Après la reconquête du Nord du Mali, la priorité de la France est la libération des otages principalement retenus dans la région de Kidal, selon l'écrivain et journaliste Serge Daniel.
 

 


Panneau placé par les islamistes à l'entrée de Tombouctou, 31 janvier 2013.
REUTERS/Benoit Tessier

 


SlateAfrique - Faut-il négocier avec les islamistes les plus radicaux notamment ceux d’Ansar Dine?

Serge Daniel - L’erreur qui a été commise est de penser qu’il y a des djihadistes radicaux, et des djihadistes modérés. Un djihadiste est un djihadiste, c’est à dire quelqu’un qui, pour l’application de la charia, prend les armes pour convaincre de gré ou de force les populations de contrées traversées ou visées.

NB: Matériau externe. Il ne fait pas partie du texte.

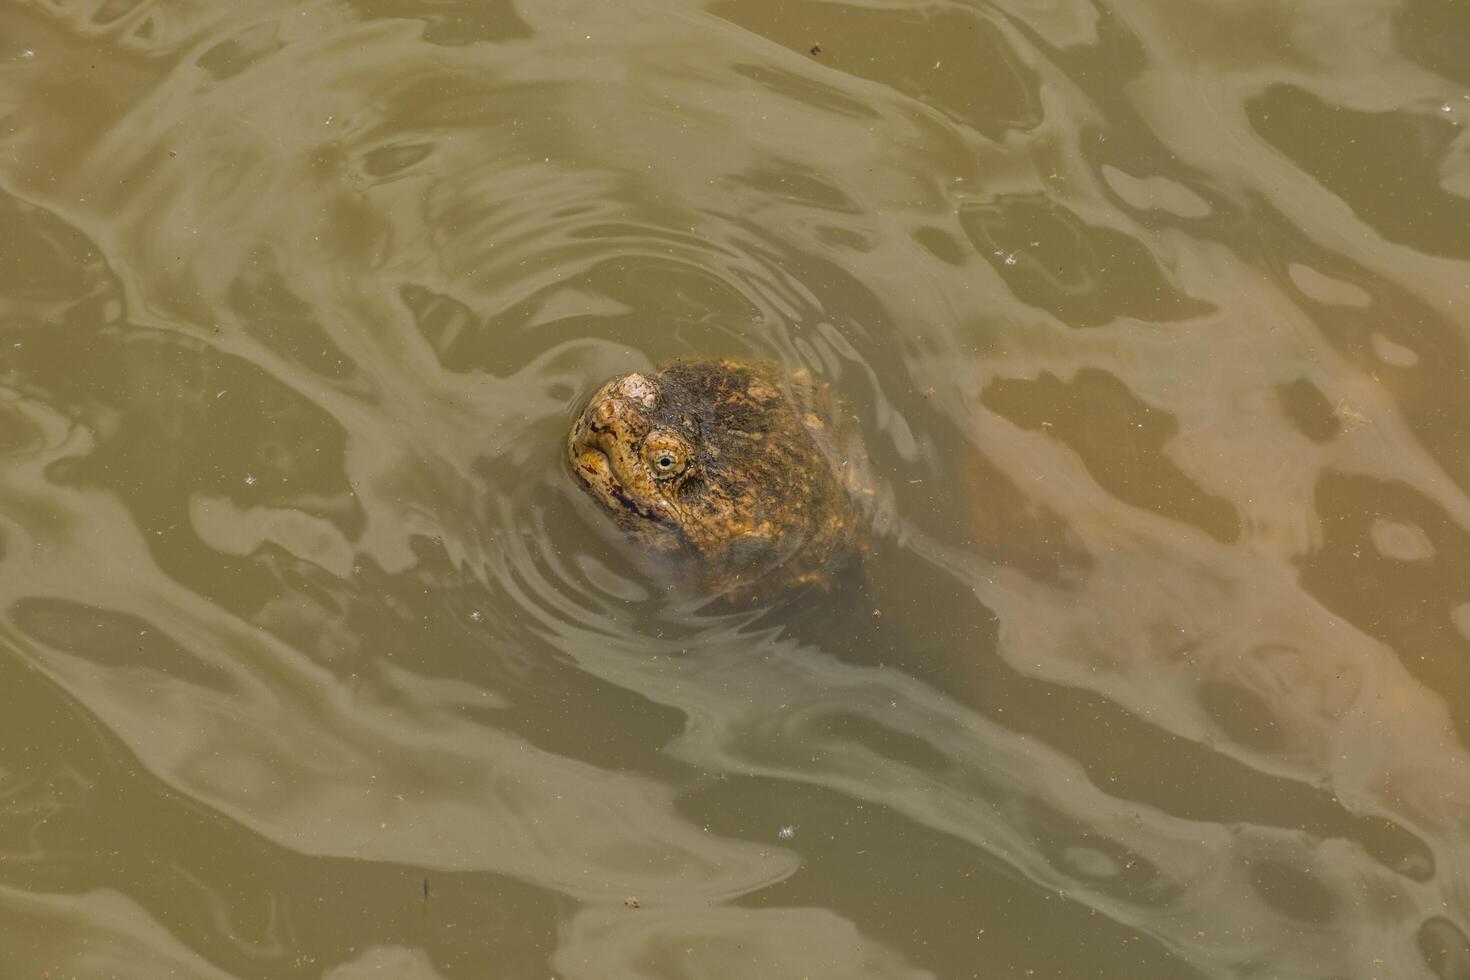 Snapping turtle in the water photo

Si vous faites attention, Ansar Dine, le groupe dirigé par Iyad Ag Ghaly, n’a jamais publiquement condamné Aqmi. Le pacte entre les deux groupes était clair. Il n’y a pas de négociations possibles avec un djihadiste pour lui demander de déposer les armes. Pour exister, pour avoir la tête hors de l’eau, des anciens membres d’Ansar Dine ont créé le Mouvement islamique de l’Azawad (MIA).

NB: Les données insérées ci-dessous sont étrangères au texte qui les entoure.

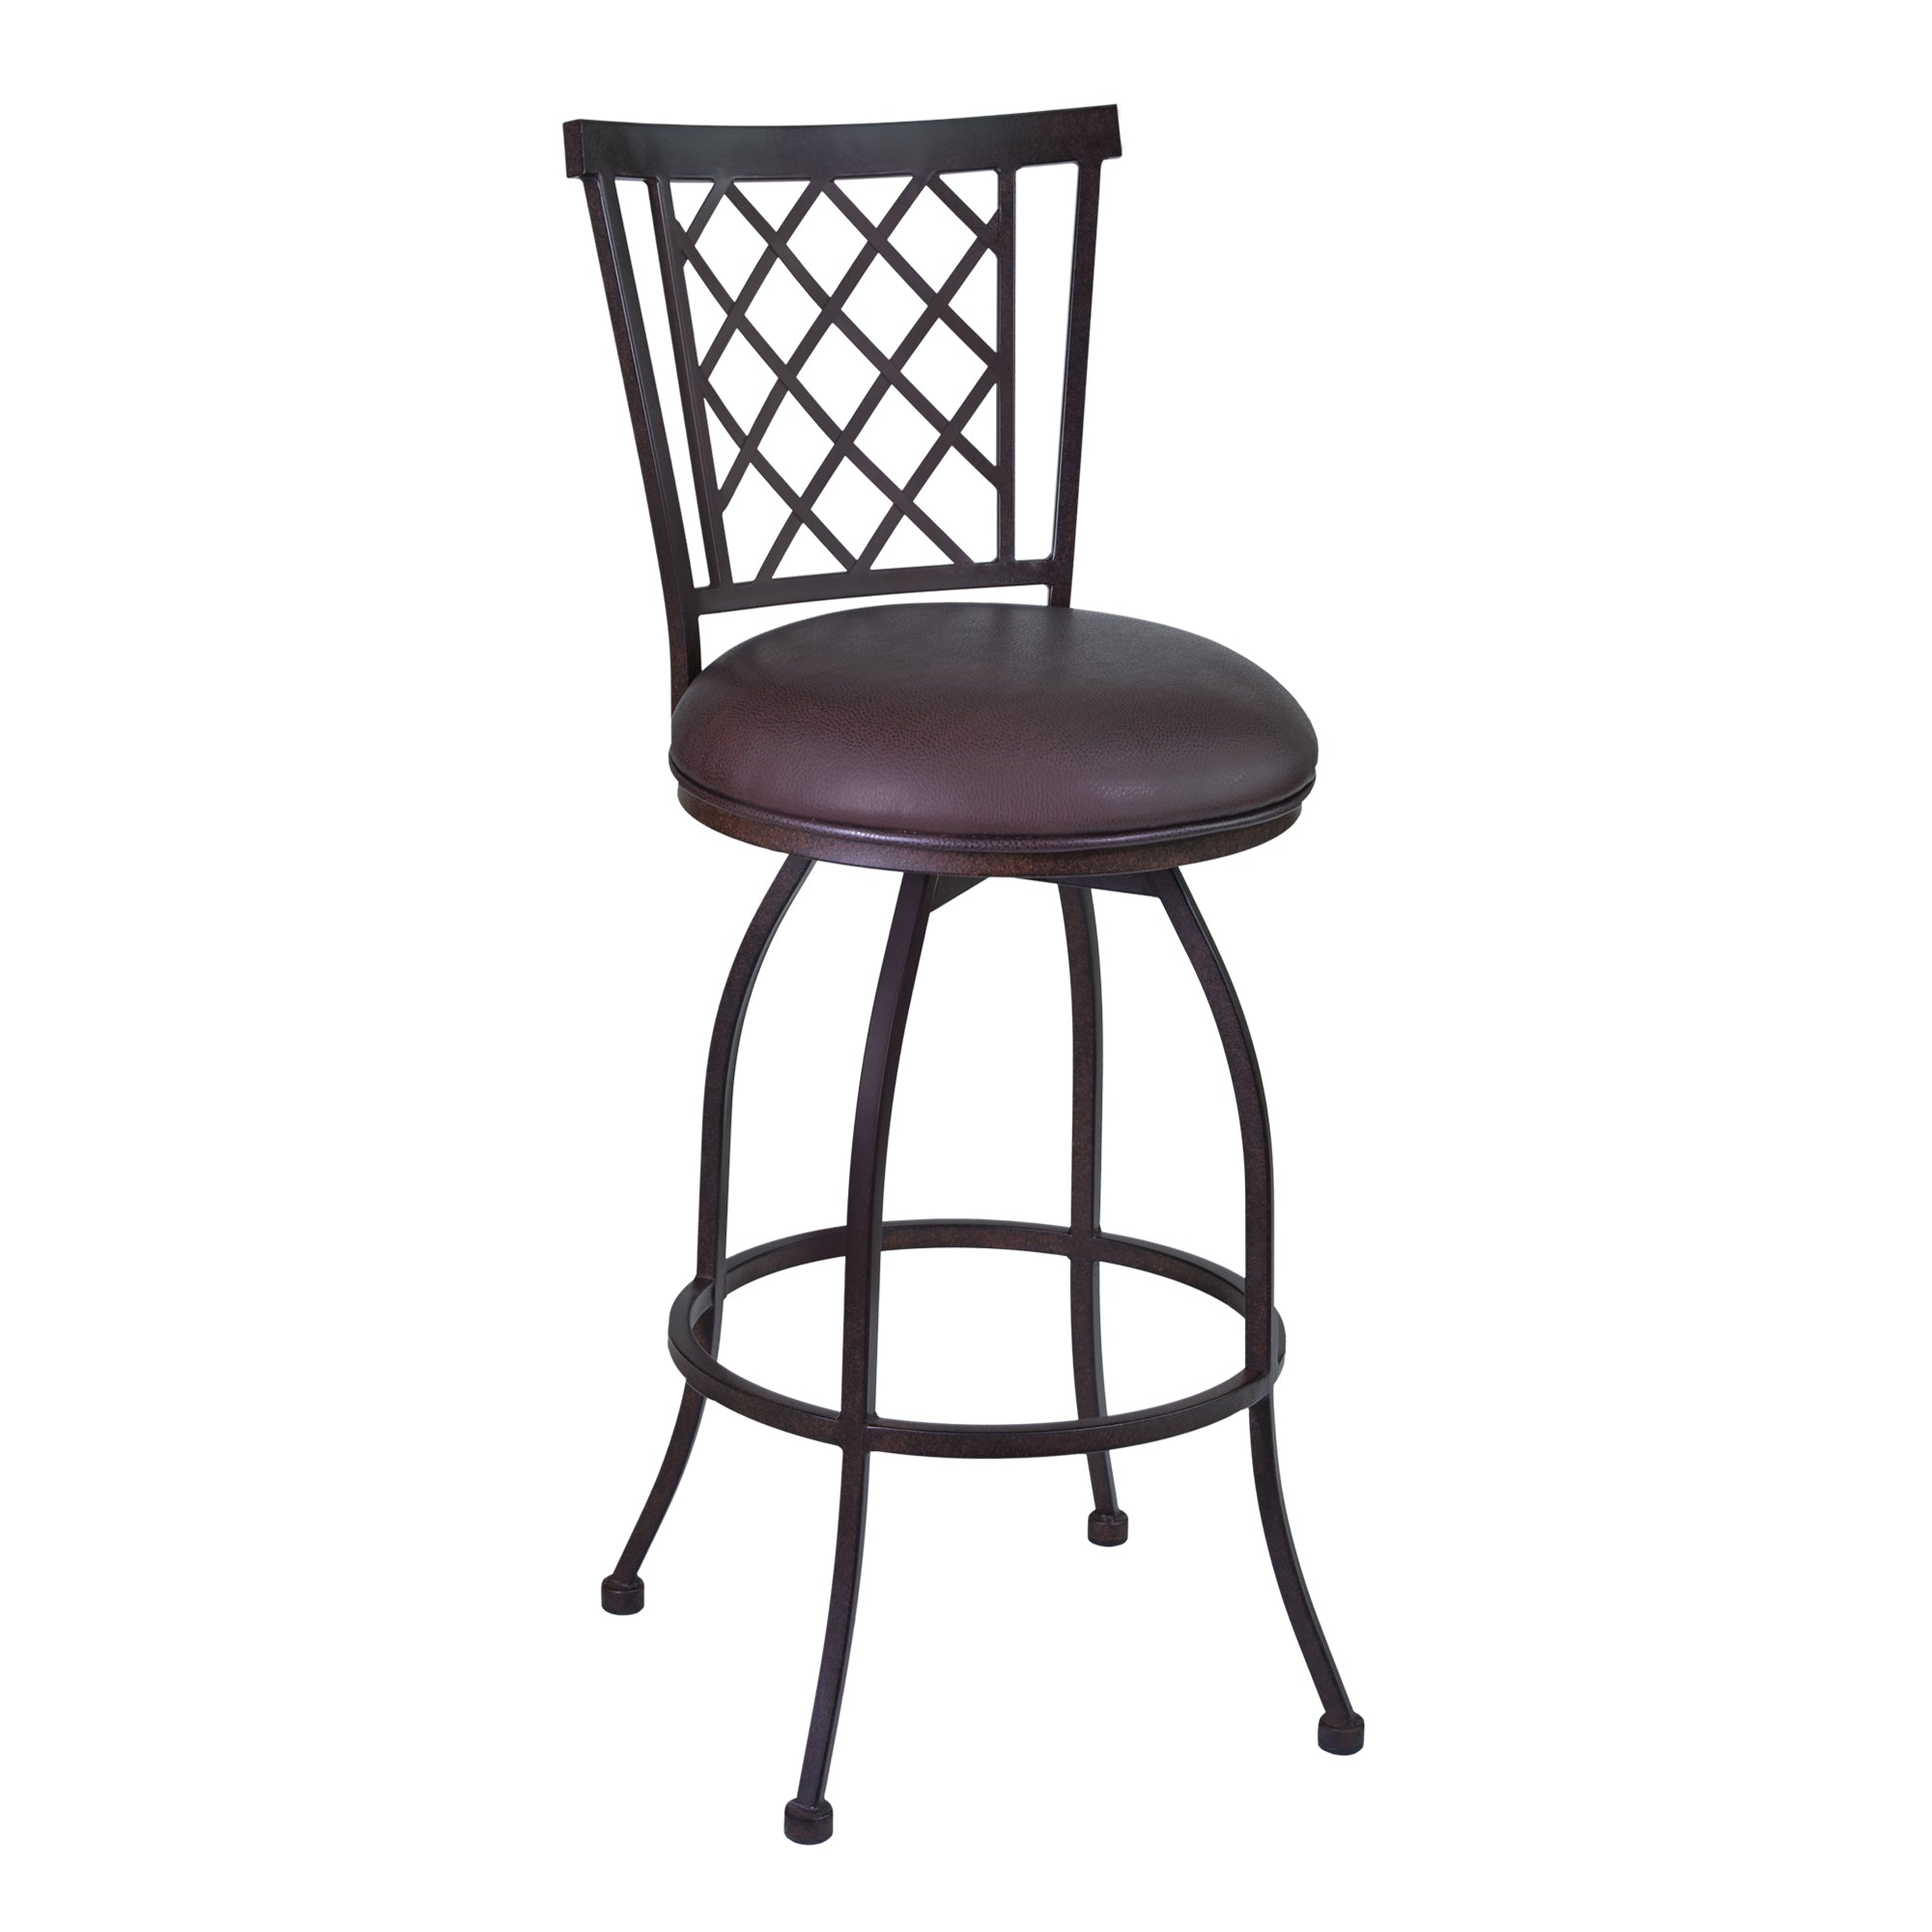 Armen Living Lcre30babr Reno 30" Bar Height Barstool In Auburn Bay Finish With Brown Faux Leather

«Il faut tendre la main à tous les groupes qui renoncent clairement au djihad»


SlateAfrique - Faut-il négocier avec le MNLA?

Serge Daniel - Ce mouvement dès le départ a combattu l’armée malienne aux côté du mouvement qui allait officiellement devenir Ansar Dine, et parfois aux côté des djihadistes. Le MNLA avait une politique de communication et les djihadistes, une politique de conquête du terrain.

Et quand les djihadistes se sont sentis véritablement implantés, ils ont foutu dehors le MNLA qui est devenu un mouvement politique, toujours médiatique, mais plus militaire, n’ayant pas les hommes et le matériel qu’il faut. Comme tous les autres groupes armés qui évoluent dans le nord du Mali, le MNLA a été accusé de graves violations de droits de l’homme par des associations de défense des droits de l’homme.

Il faut à mon avis tendre la main à tous les groupes qui renoncent clairement au djihad et au terrorisme. Maintenant, la communauté touareg est diverse et variée.

Au nord-est du Mali, il faut compter avec les Touareg de la tribu des Iforas. Membres du résidu du groupe islamique Ansar Dine, du Mouvement national de libération de l'Azawad (MNLA, nouvelle version), et du Mouvement islamique de l'Azawad (MIA, dissidence d'Ansar Dine). Les Touaregs de la tribu des Iforas, ont investi tous les groupes armés dans leur région du nord-est du Mali, où l'une des priorités de la France reste la libération de ses ressortissants, retenus en otages par les djihadistes.


SlateAfrique - La démocratie a-t-elle déçu les Maliens?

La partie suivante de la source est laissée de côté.